In 1983, Congress enacted the recommendations of a bipartisan commission aimed at solidifying the program’s finances. Earnings of high-income Social Security recipients were taxed and the age at which full benefits were received was slowly increased to 67 for those born after 1959.
Those fixes sufficed until now. Last year, for the first time since 1983, Social Security spent more than it collected in revenues. A $49 billion deficit was covered with withdrawals from the program’s so-called “trust fund,” an accounting mechanism that tracks revenues from a dedicated payroll tax.
The Social Security and Medicare Trustees project a deficit this year of $46 billion and continuing annual shortfalls until the $2.5 trillion fund is exhausted in 2036. Beyond that point, the program is expected to have sufficient funds from continuing infusions of payroll taxes to pay about 75 percent of promised benefits.
Perry’s aversion to the program is nothing new. In his 2010 book “Fed Up,” he lambastes Social Security as a “crumbling monument to the failure of the New Deal” and likens it to “a bad disease.”

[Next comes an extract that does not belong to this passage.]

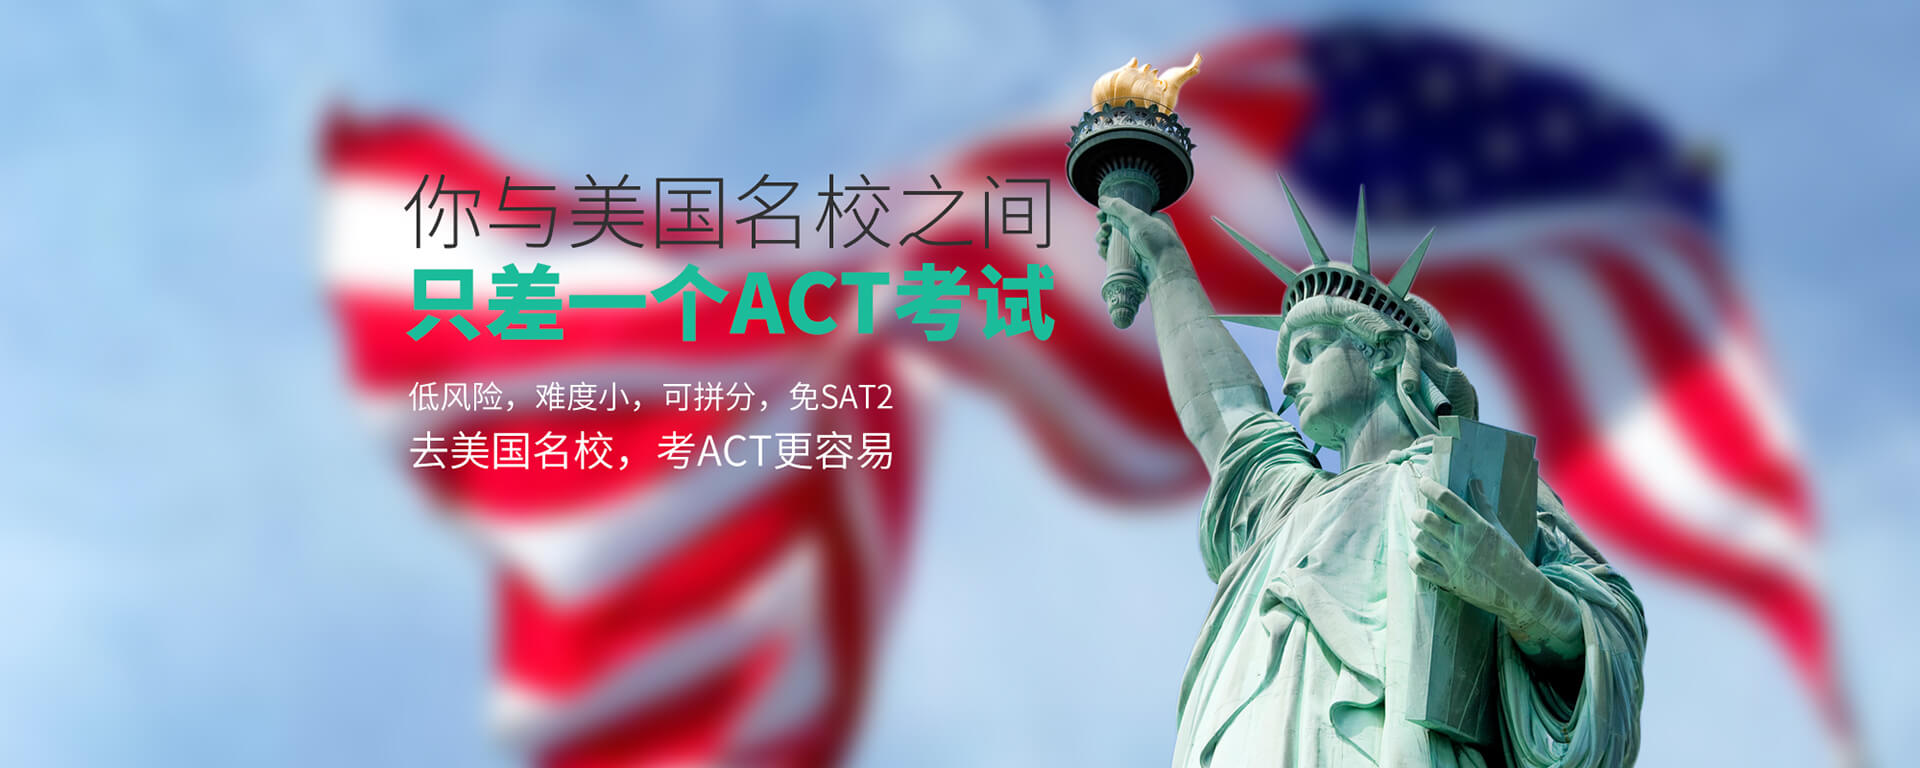 广州美联ACT英语课程

The Texas governor’s remarks tap a deep vein of conservative antipathy to Social Security that dates to the program’s founding. In April, Representative Jeb Hensarling of Texas, a member of the House Republican leadership, said Social Security -- along with Medicare and Medicaid -- were “morphing into cruel Ponzi schemes.”

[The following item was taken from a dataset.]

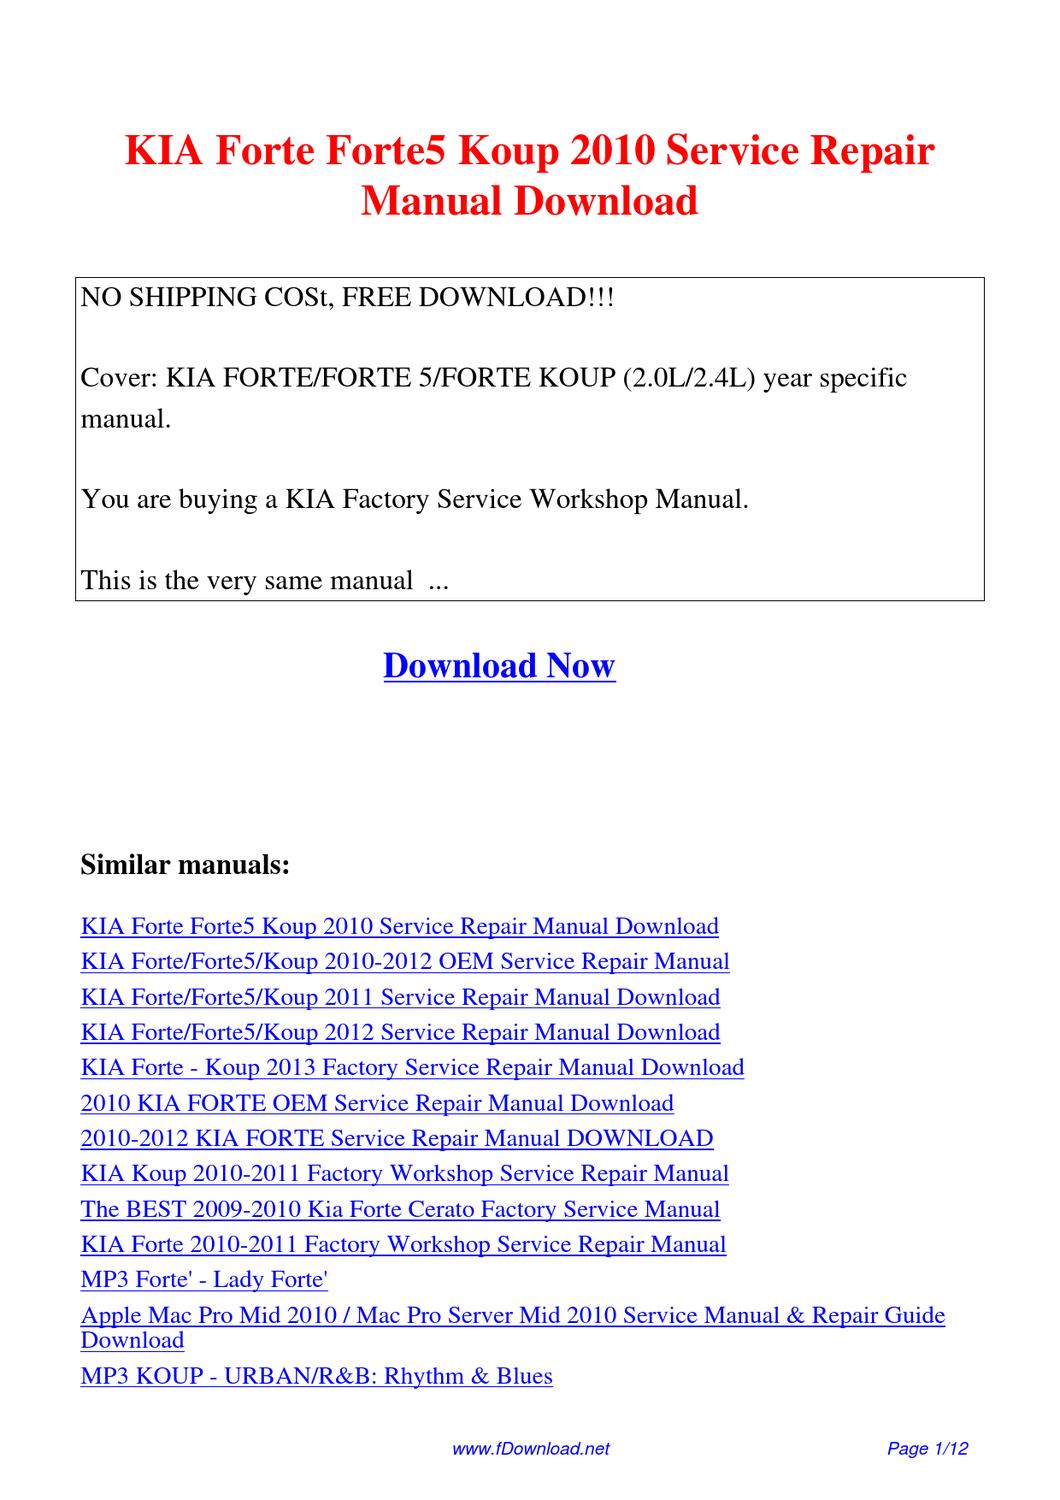 Kia Koup Forte 2010 Service Repair Manual Free Download

Those running the program are accustomed to beating back accusations of shady behavior. The Social Security Administration’s historian produced a research note in 2009 distinguishing between the program and various financial scams.
“Social Security is and always has been either a ‘pay-as-you-go’ system or one that was partially advance-funded,” concluded Larry DeWitt, a program historian. “Its structure, logic and mode of operation have nothing in common with Ponzi schemes or chain letters or pyramid schemes.”
Yesterday, House Majority Leader Eric Cantor defended Perry’s language. “The point the governor was trying to make is the math doesn’t lie and the numbers don’t add up,” Cantor said at a Christian Science Monitor lunch. “We need to face the fact that people are expecting government to live up to its promises.”
Other Republicans said the Texas governor’s take-no-prisoners language risked spooking voters. Calling Social Security a Ponzi scheme was “dumb,” said Governor Gary Herbert of Utah.
Democrats crowed over a statement they regarded as political gold. “Ponzi Perry just lost the general election,” former Michigan Governor Jennifer Granholm tweeted during the debate.
As for Charles Ponzi, after bouncing between prison and fresh scams in Florida and his native Italy, he died in 1949 in the charity ward of a Rio de Janeiro hospital. He was 66. Says biographer Zuckoff: “He could have used Social Security.”